Mentoring social enterprises and early-stage founders is a natural extension of his work. He listens for clarity of purpose, helps simplify models, and insists on small, compounding wins. His guiding principle, "Give before you ask", is not just a phrase; it is a practice. In every space he builds, trust is earned through contribution. Titles, gatekeeping, or hierarchy have no place. If you show up and build, you belong.

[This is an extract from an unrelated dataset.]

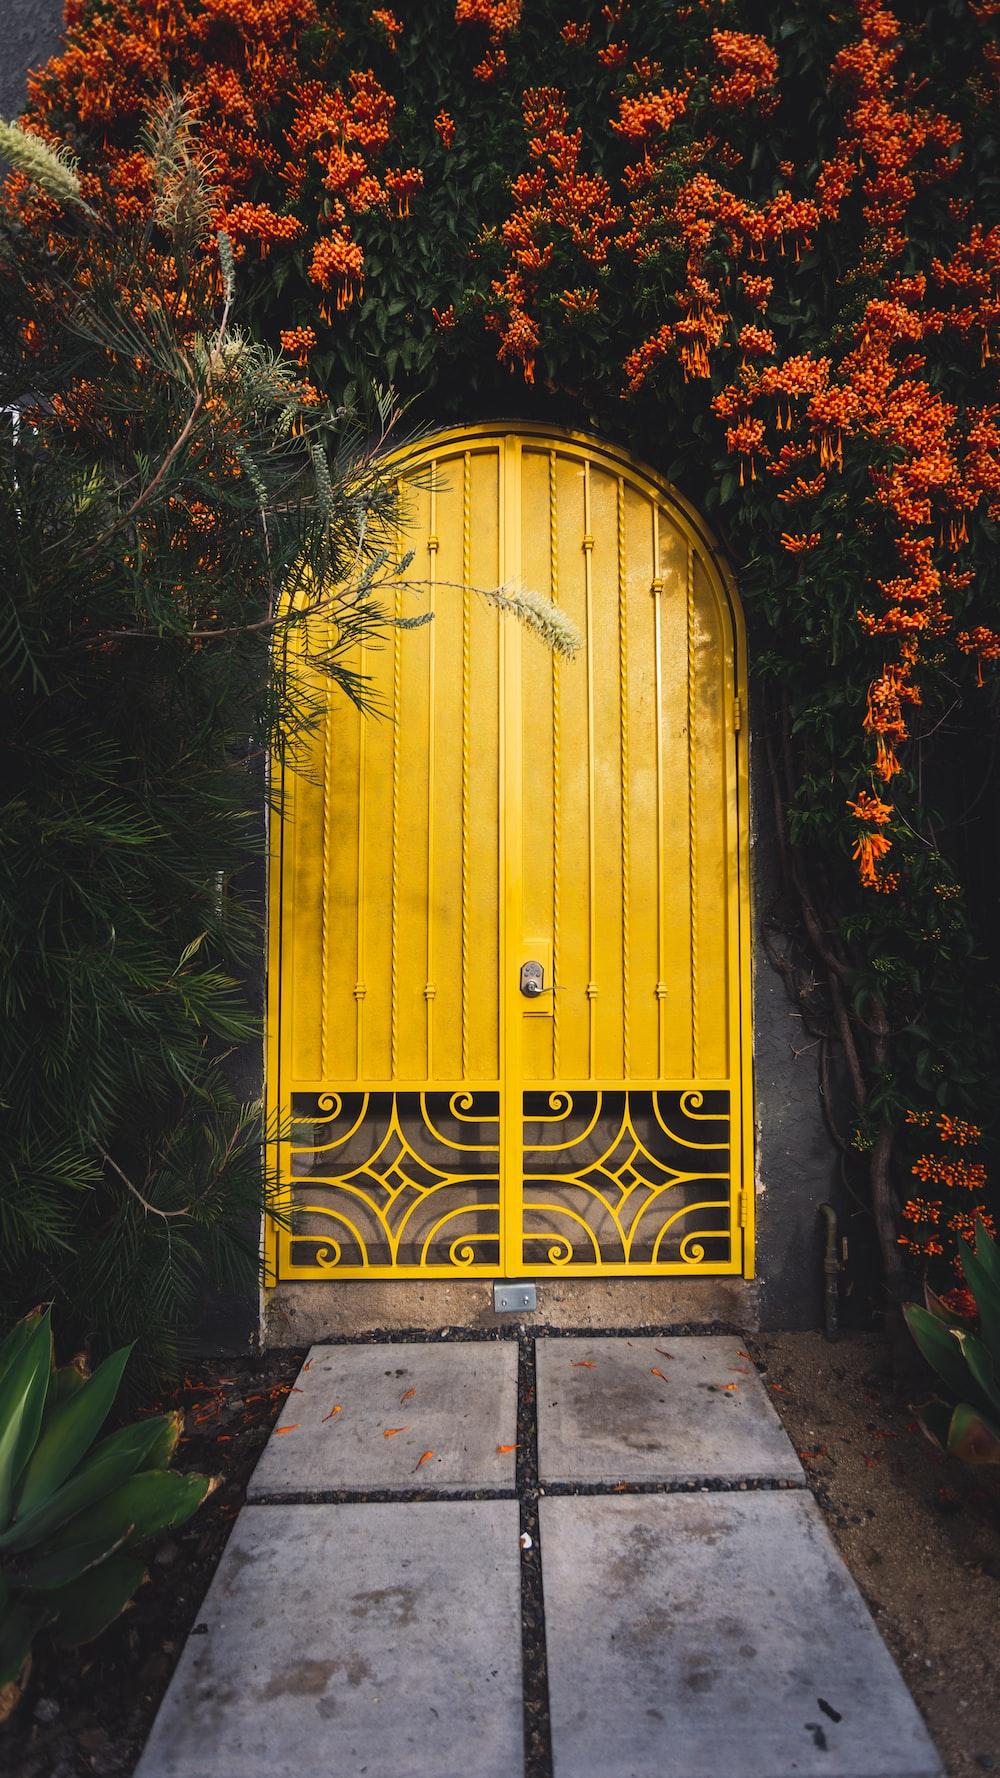 yellow metal door close-up photography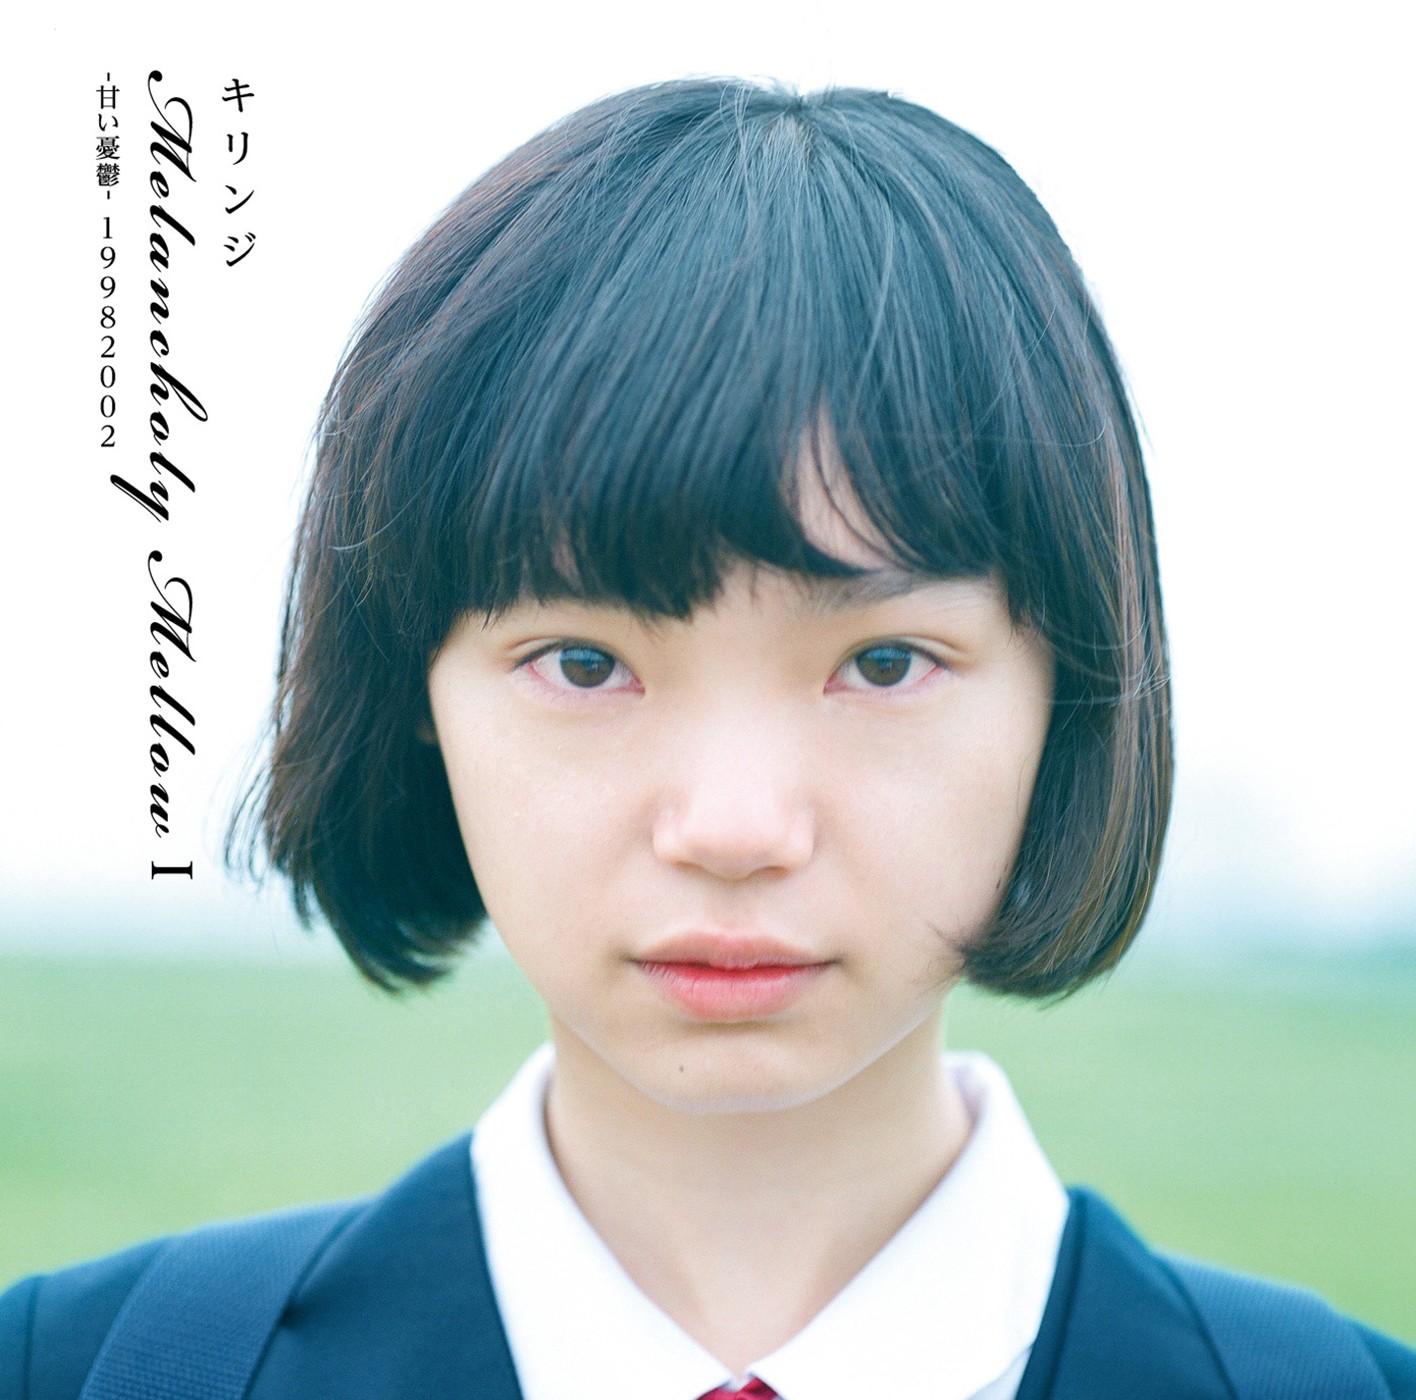 キリンジ (KIRINJI) – Melancholy Mellow Ⅰ -甘い憂鬱-19982002 [24bit Lossless + MP3 320 / WEB] [2018.11.07]

Looking ahead, Deepu is laying the foundation for The Purple Movement, a global learning ecosystem rooted in openness and peer-driven innovation. It is not another classroom or curriculum, but a place where anyone can explore emerging technologies, learn by doing, and grow with others. It is designed for a fast-changing world that needs more collaboration, fewer barriers, and deeper curiosity. At its heart, The Purple Movement is about enabling exponential growth through shared knowledge, removing the friction between knowing and doing. Alongside this, μLearn is evolving into a Unified Skills Interface for India, and a venture studio is underway to support young founders in building impactful products. All of this is tied together by Deepu’s belief that ecosystems thrive when people are seen, heard, and empowered.
In recognition of his grassroots impact, Deepu was named TiE Kerala’s Ecosystem Enabler of the Year in 2022, a reflection of the thousands of students, mentors, and entrepreneurs his platforms have touched.
If there is one value that defines Deepu’s leadership, it is this: trust through contribution. That belief, born on the steps of a village library, now fuels some of the most dynamic learning communities in the country and beyond. His story is not just one of innovation, but of conviction, community, and consistent change.
As India prepares for the next wave of AI, decentralised open networks, and global skilling demands, Deepu S Nath’s work offers a roadmap. Not just for Kerala. Not just for students. But for an India ready to learn how to learn at scale, with purpose, and without permission.